_Task details:_ Set down the data below in full and exactly, minus the pictures.

_Supplied data:_
※
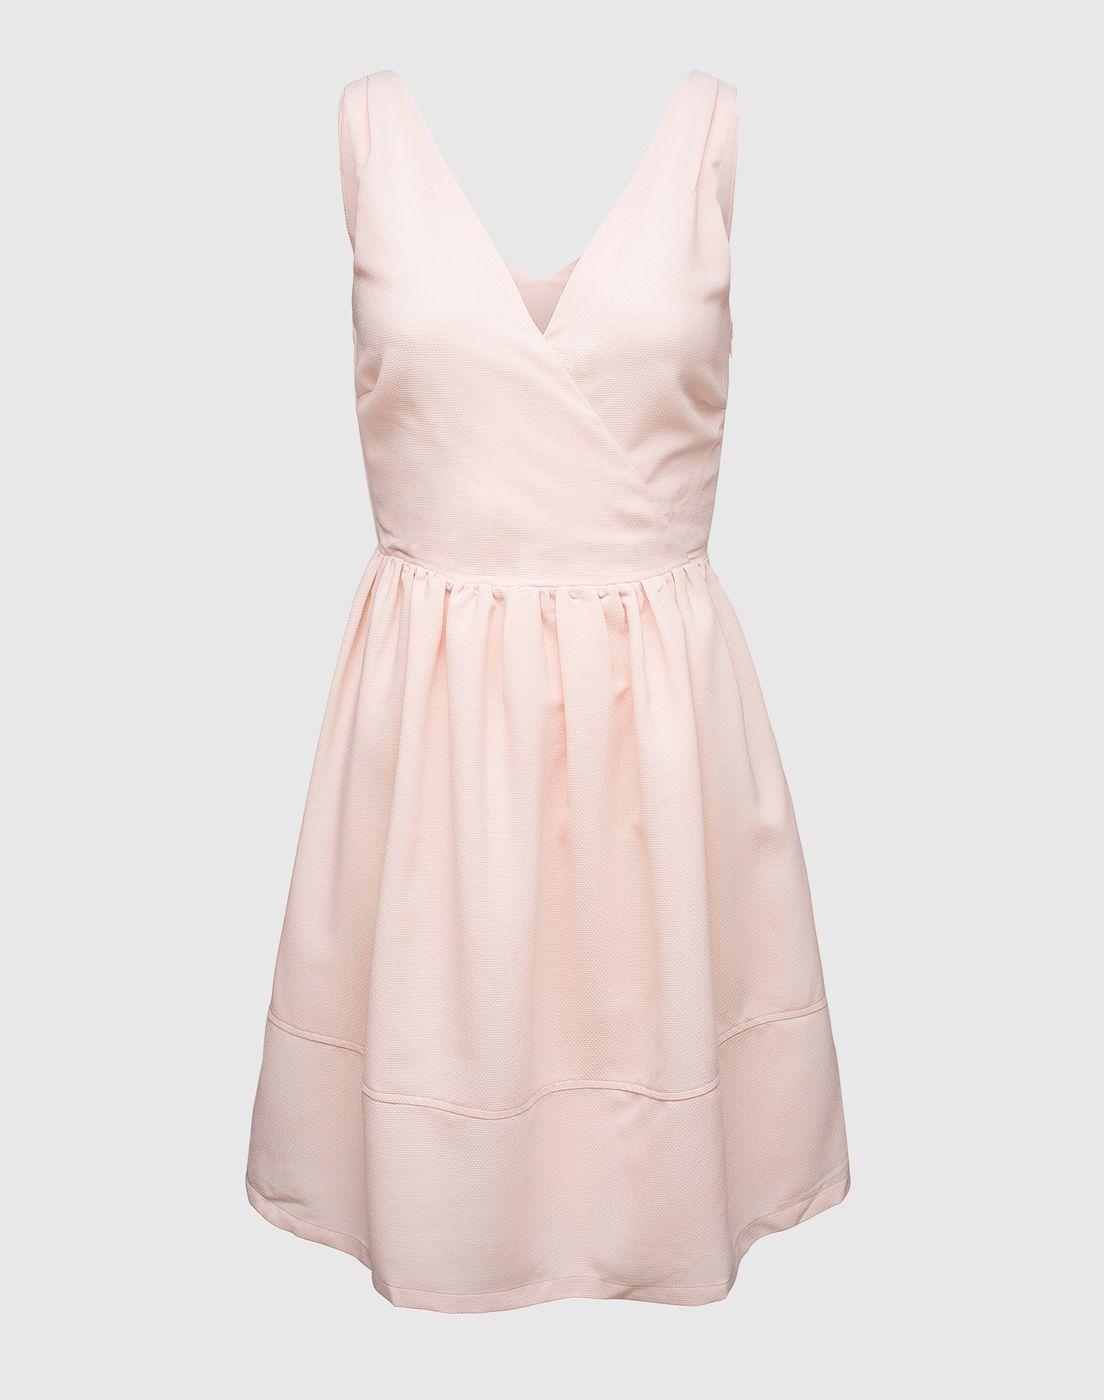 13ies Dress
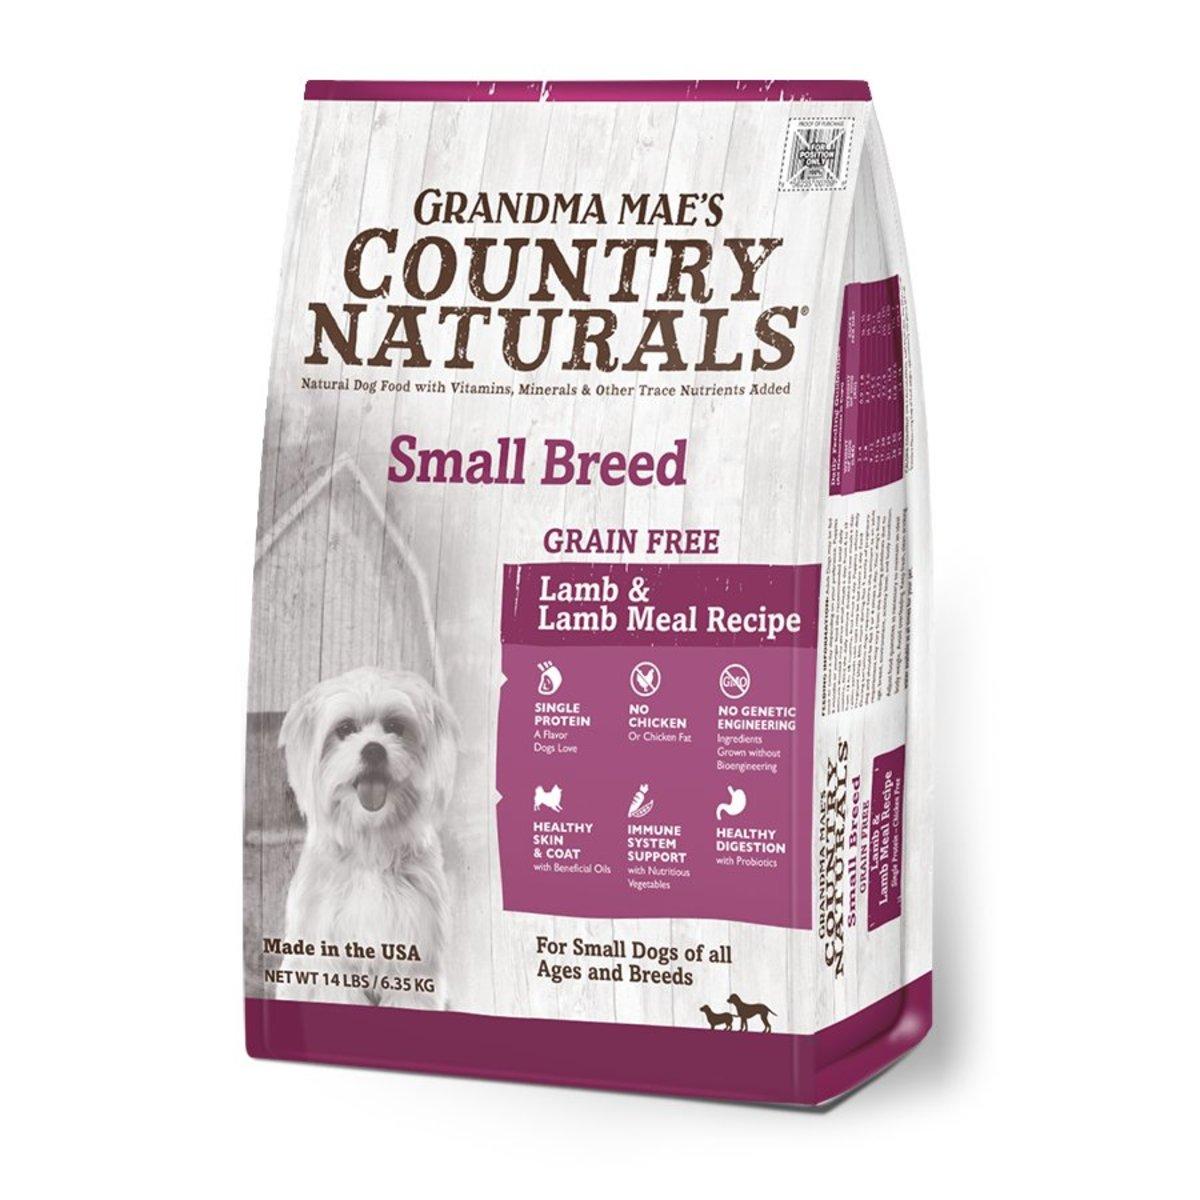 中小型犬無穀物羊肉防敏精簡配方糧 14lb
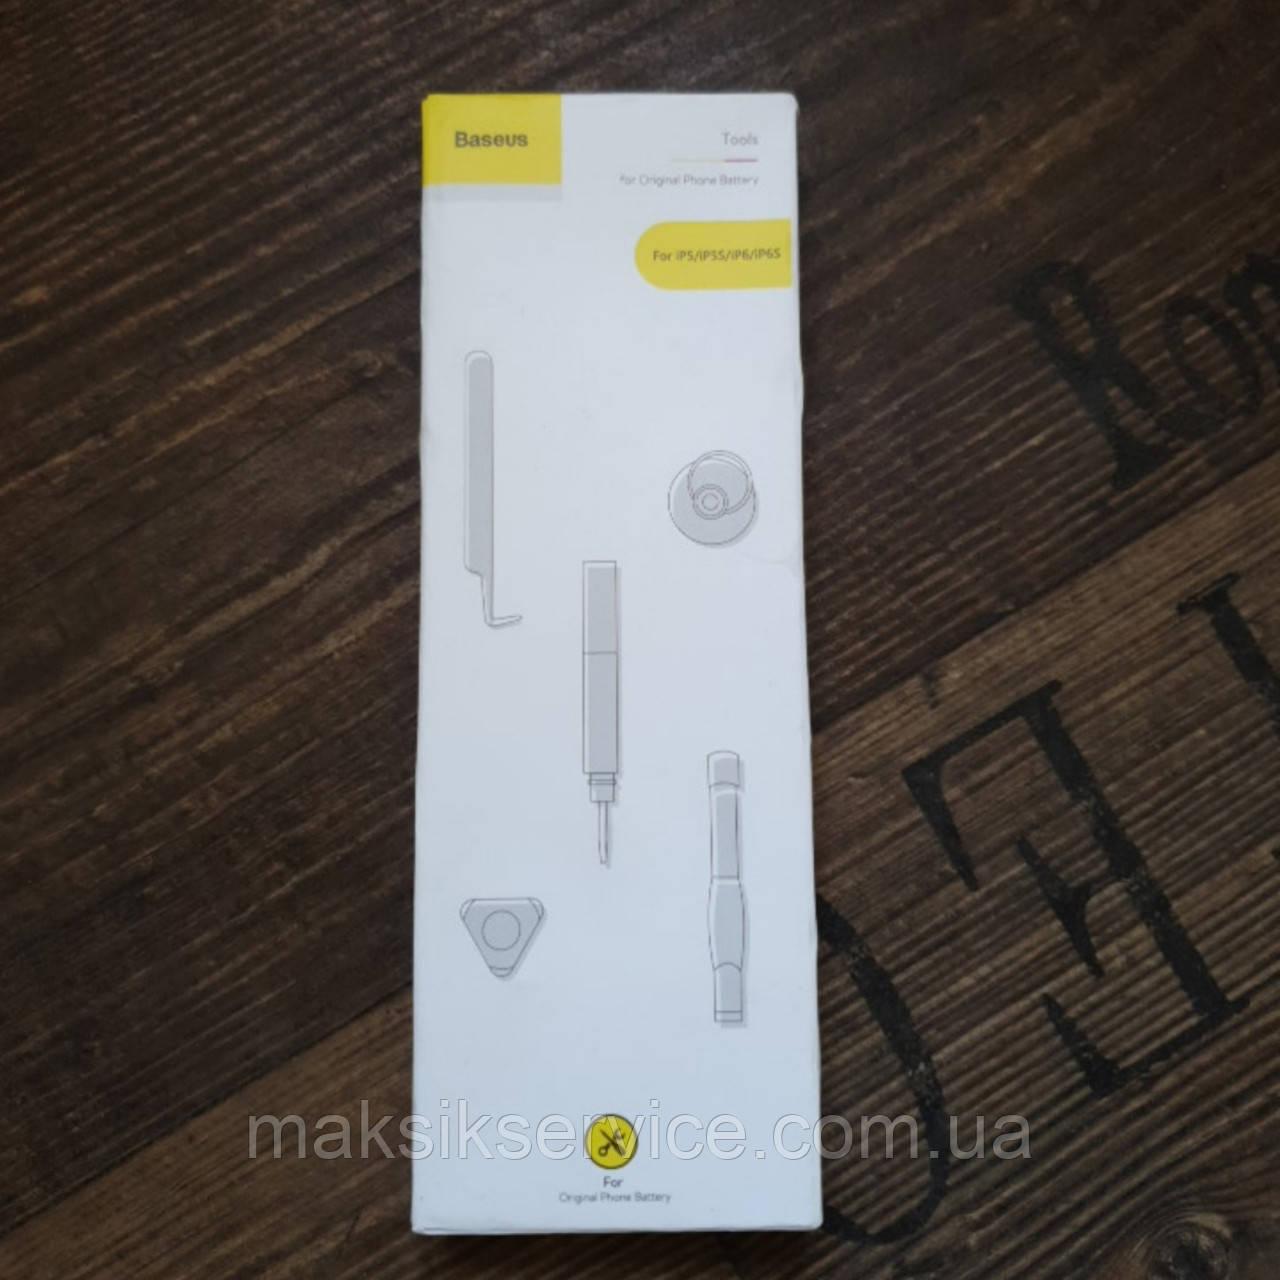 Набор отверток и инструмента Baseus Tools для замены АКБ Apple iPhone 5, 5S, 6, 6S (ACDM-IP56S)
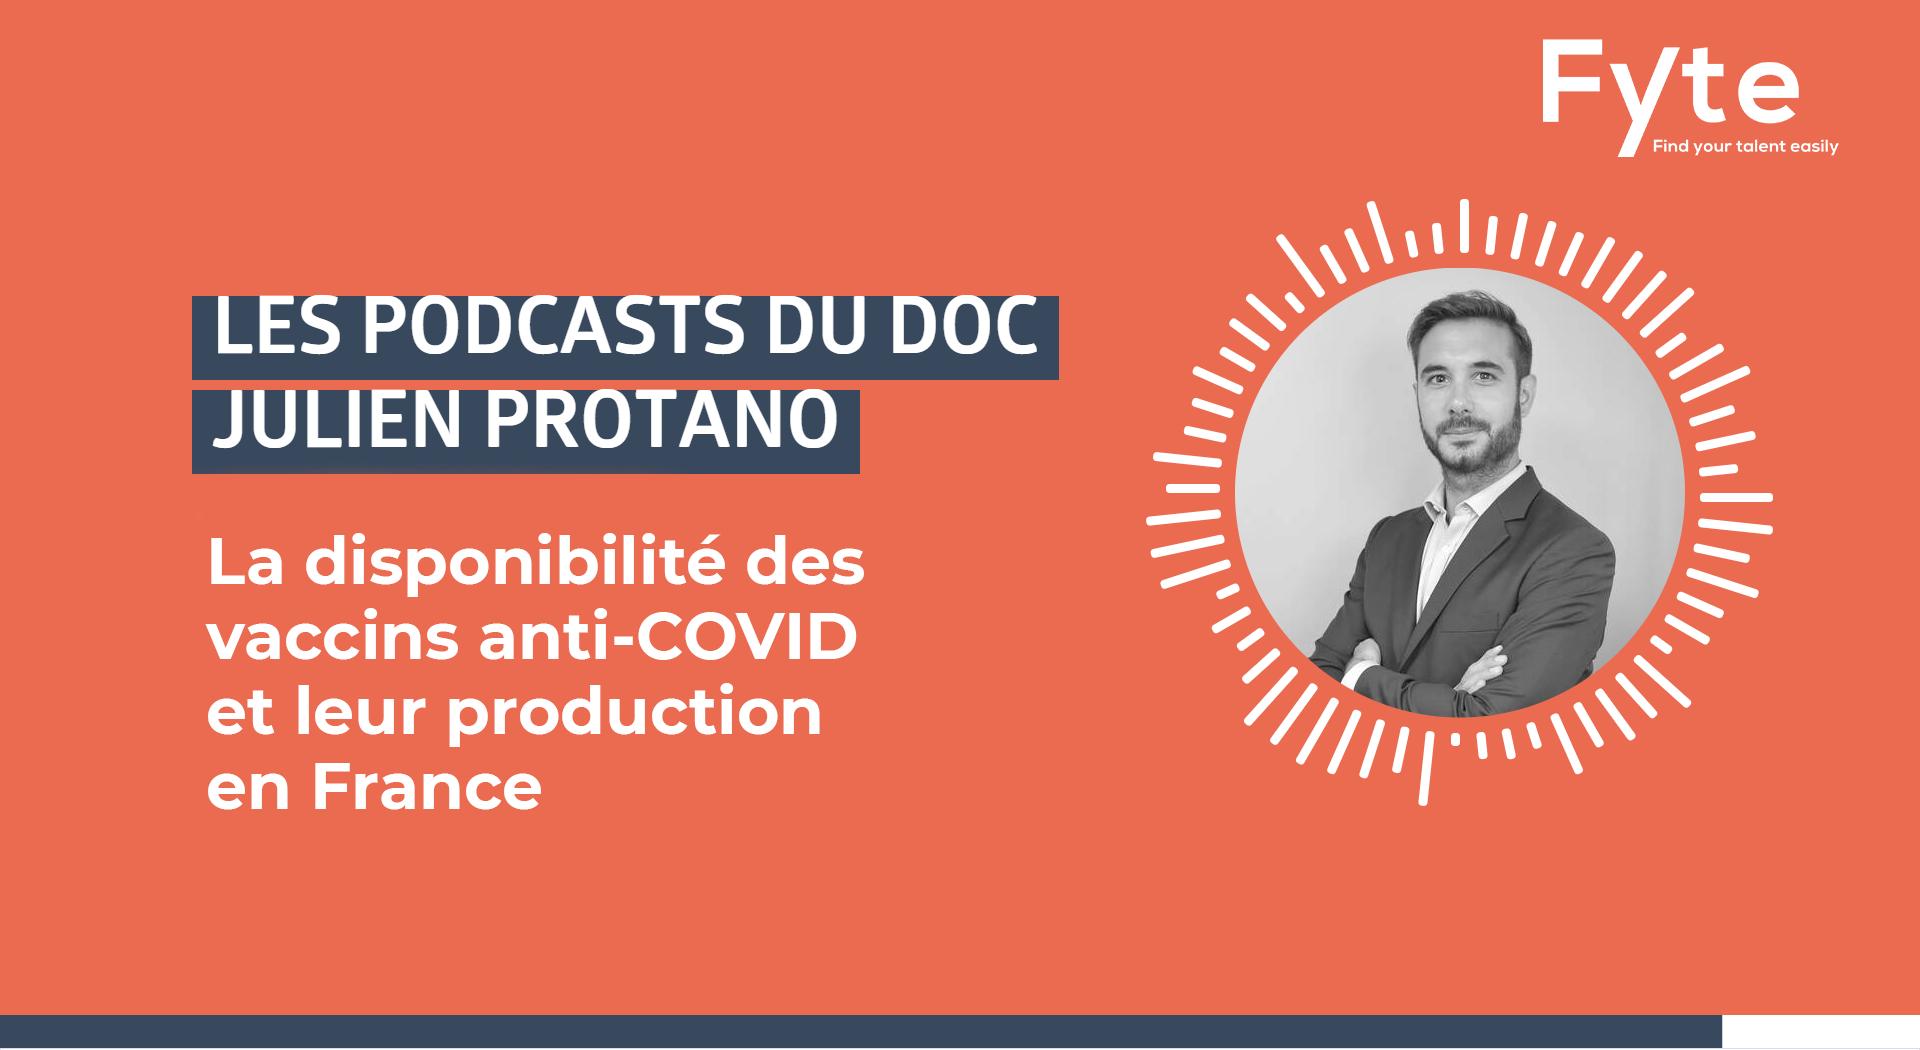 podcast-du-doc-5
※
_Exercise solution:_
 13ies Dress
 中小型犬無穀物羊肉防敏精簡配方糧 14lb
 Набор отверток и инструмента Baseus Tools для замены АКБ Apple iPhone 5, 5S, 6, 6S (ACDM-IP56S)
 podcast-du-doc-5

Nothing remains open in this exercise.